In Salehi v. Association of Professional Engineers of Ontario (Ont CA, 2025) the Ontario Court of Appeal considers the legal status of the 'Association of Professional Engineers of Ontario' and it's corporate 'bad faith' immunity:
[3] Mr Salehi is a professional engineer who is licensed and regulated by APEO under the Professional Engineers Act, R.S.O 1990, c. P.28. Mr. Salehi expressed confusion about APEO’s status, especially since, by order dated June 14, 2014, Myers J. changed the title of proceedings in Mr. Salehi’s lawsuit against “Professional Engineers Ontario” (“PEO”) to use the proper name, “The Association of Professional Engineers of Ontario”. I infer that this is the order to which Mr. Salehi is referring in his request that the court “Reconsider the court hearing by changing the original defendant (PEO).”
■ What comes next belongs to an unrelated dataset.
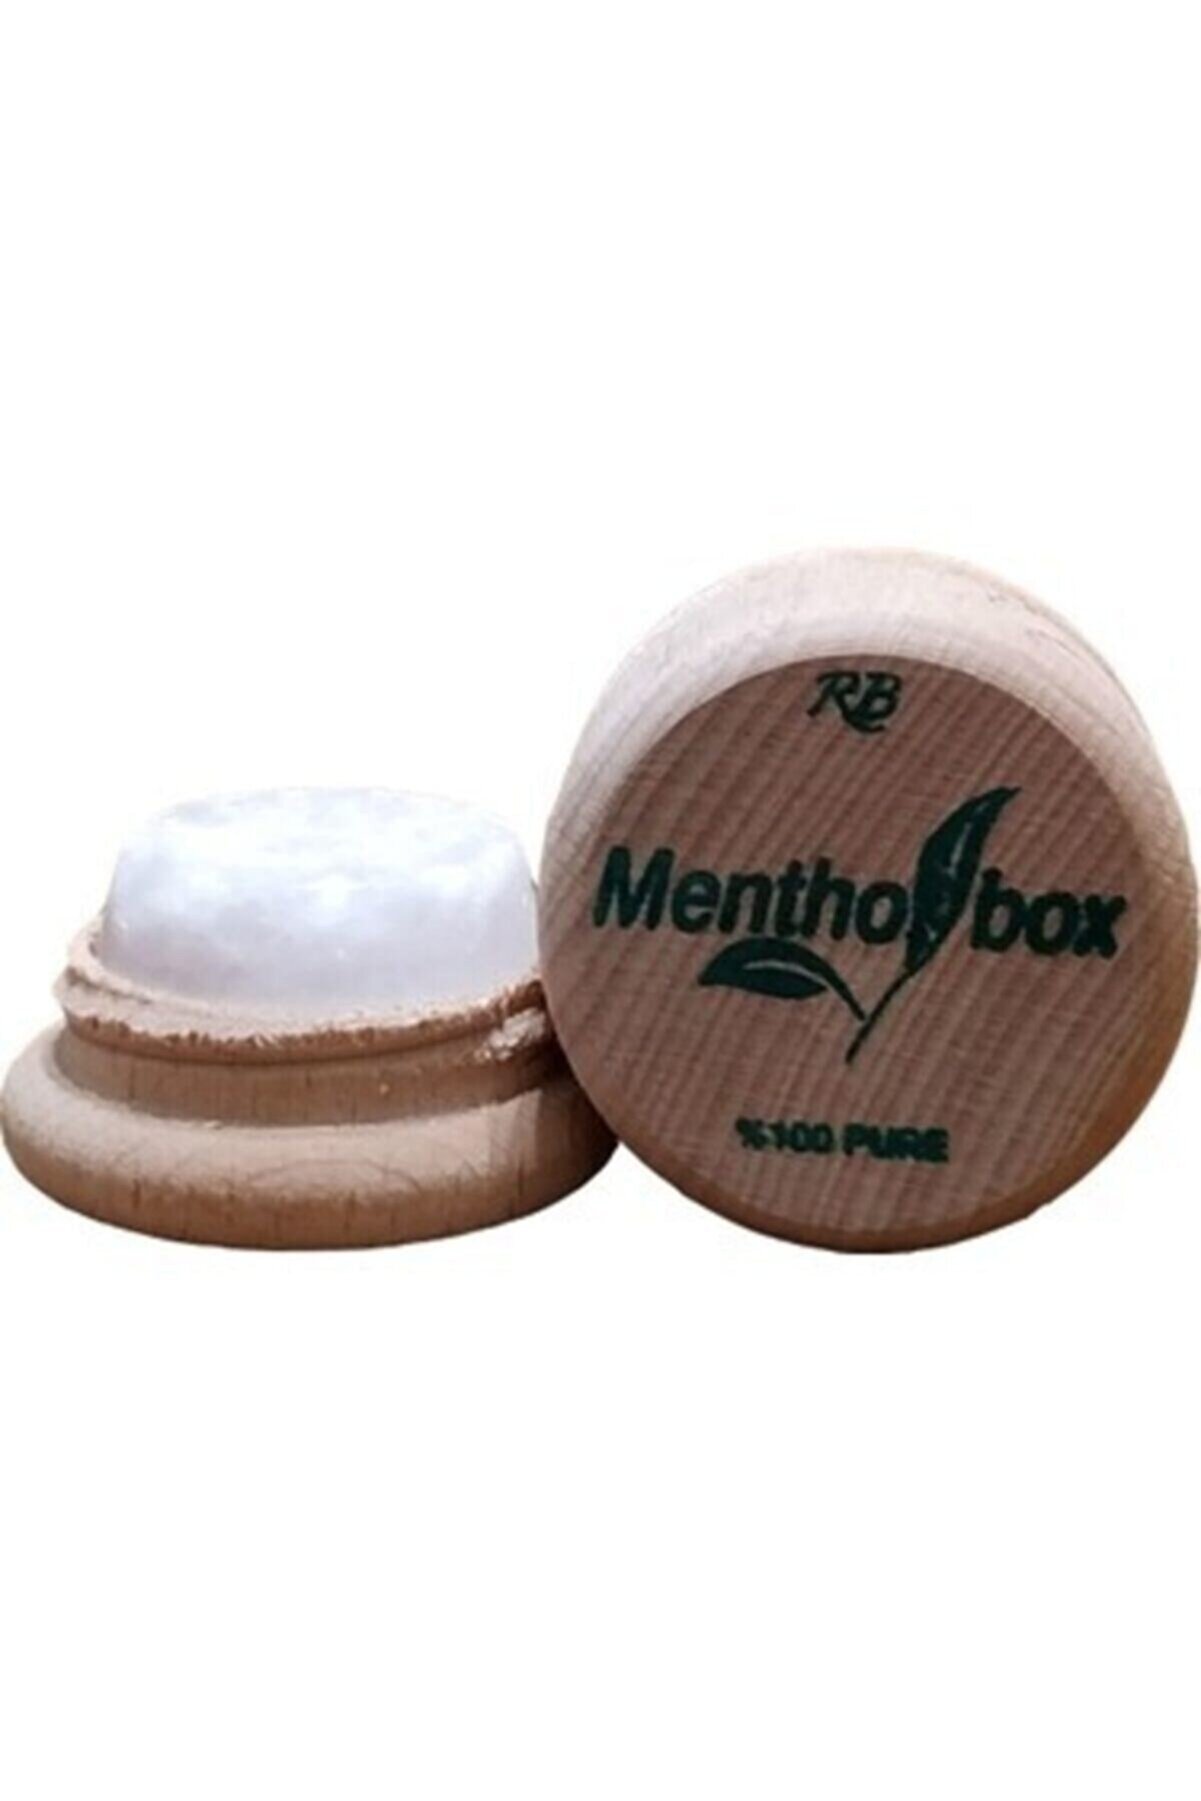 Natural Menthol 6 g / 0.21 Oz, Turkish Pure Migraine Stone – Menthol Box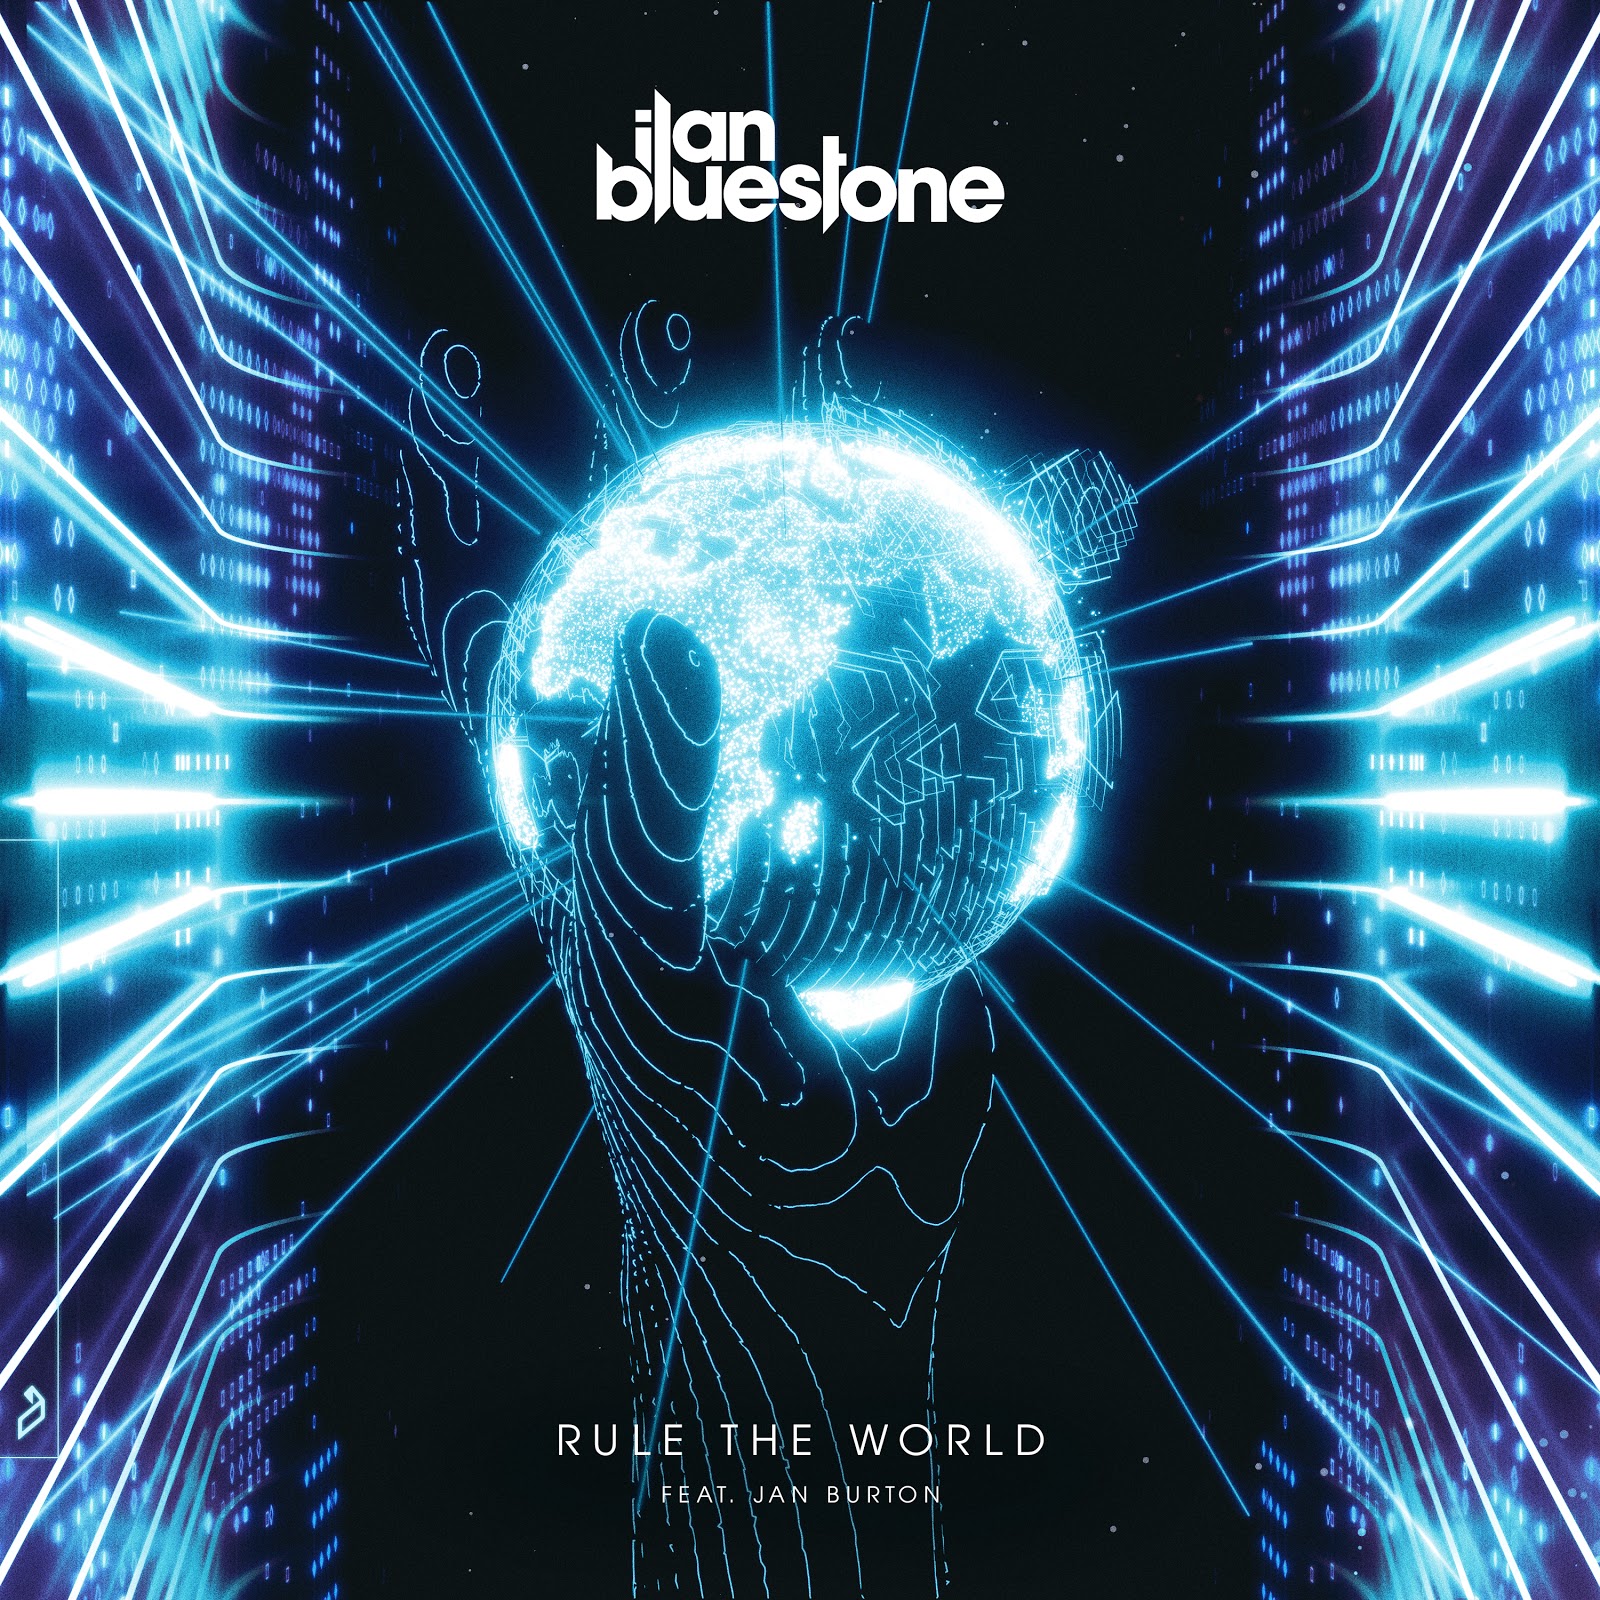 ilan Bluestone feat. Jan Burton presents Rule The World on Anjunabeats

[4] But this relief is unnecessary. In formal terms, the APEO uses the name, “Professional Engineers Ontario”, and operates under the Professional Engineers Act. It has the capacity of a natural person. APEO can be sued and can be served at its corporate office. It has been the proper party to these proceedings throughout. It would have been appropriate for Mr. Salehi to serve APEO with the notice of motion that brought him before me.

....

[11] This court added, at para. 11, that “if the APEO owed the appellant any duty of care, in light of s. 45(1) of the Act, the absence of bad faith in this case is determinative of the result.” Section 45 of the Professional Engineers Act immunizes APEO from liability for “any act done in good faith in the performance or intended performance of a duty or in the exercise or the intended exercise of a power under this Act, a regulation or a by-law, or for any neglect or default in the performance or exercise in good faith of such duty or power.”
. Ahmad v. Association of Professional Engineers of Ontario

In Ahmad v. Association of Professional Engineers of Ontario (Ont Div Ct, 2025) the Ontario Divisional Court considered the appeal route and SOR under the Professional Engineers Act (PEA):
Jurisdiction and Standard of Review

[6] This court has jurisdiction over this appeal pursuant to s. 31 of the Professional Engineers Act, RSO 1990, c. P.28. An appellate standard of review applies to the appeal: Canada (Minister of Citizenship and Immigration) v. Vavilov, 2019 SCC 65, [2019] 4 SCR 653, para. 37; Association of Professional Engineers of Ontario v. Rew, 2020 ONSC 6018, paras. 50-51 (Div. Ct.):

Questions of law, including questions of statutory interpretation, are subject to a correctness standard of review. Questions of fact are subject to the palpable and overriding error standard of review. Questions of mixed fact and law are also subject to the palpable and overriding error standard of review unless a legal principle can be easily extricated from the legal issues in which case the legal issue is subject to a correctness standard of review… (Villa v. Professional Engineers of Ontario, 2022 ONSC 6104, para. 8 (Div. Ct.)).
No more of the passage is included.